» **DATA FOR THIS TASK**

=== Section Start ===

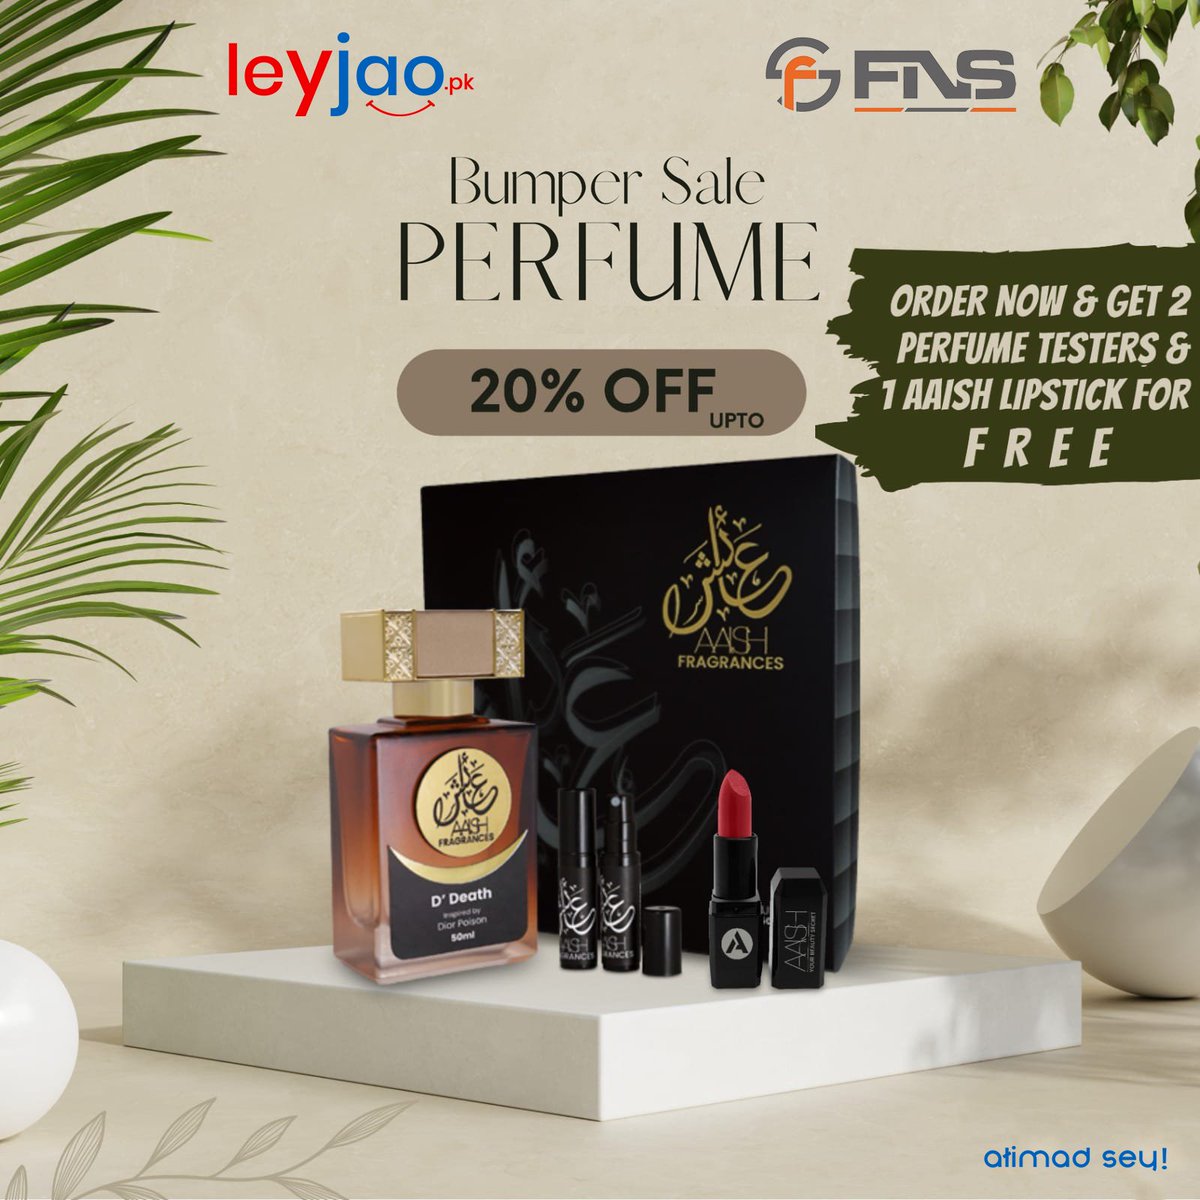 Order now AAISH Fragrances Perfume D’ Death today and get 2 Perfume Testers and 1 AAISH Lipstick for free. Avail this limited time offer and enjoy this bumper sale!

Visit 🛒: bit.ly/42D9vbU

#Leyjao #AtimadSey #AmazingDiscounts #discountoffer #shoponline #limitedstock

=== Section End ===
=== Section Start ===

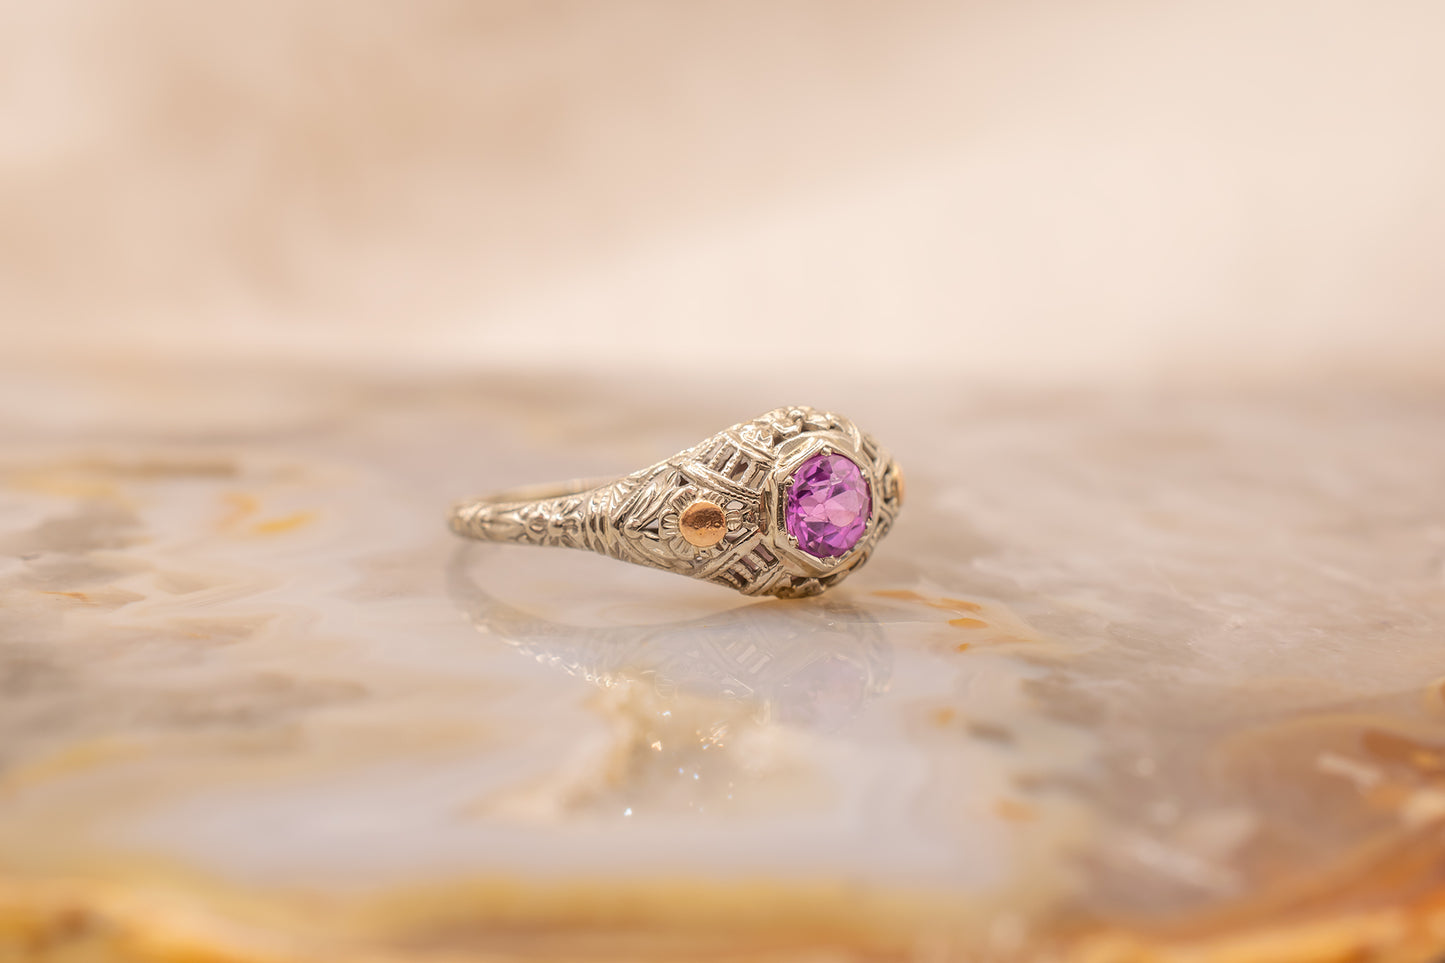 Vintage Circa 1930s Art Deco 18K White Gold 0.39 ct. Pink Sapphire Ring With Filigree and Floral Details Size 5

=== Section End ===

» **TASK REQUIREMENTS**
Look above for the line containing "Order now AAISH" and the line containing "#Leyjao #AtimadSey #AmazingDiscounts", then reproduce both and everything between them exactly, pictures omitted.

» **RESPONSE**
 Order now AAISH Fragrances Perfume D’ Death today and get 2 Perfume Testers and 1 AAISH Lipstick for free. Avail this limited time offer and enjoy this bumper sale!

Visit 🛒: bit.ly/42D9vbU

#Leyjao #AtimadSey #AmazingDiscounts #discountoffer #shoponline #limitedstock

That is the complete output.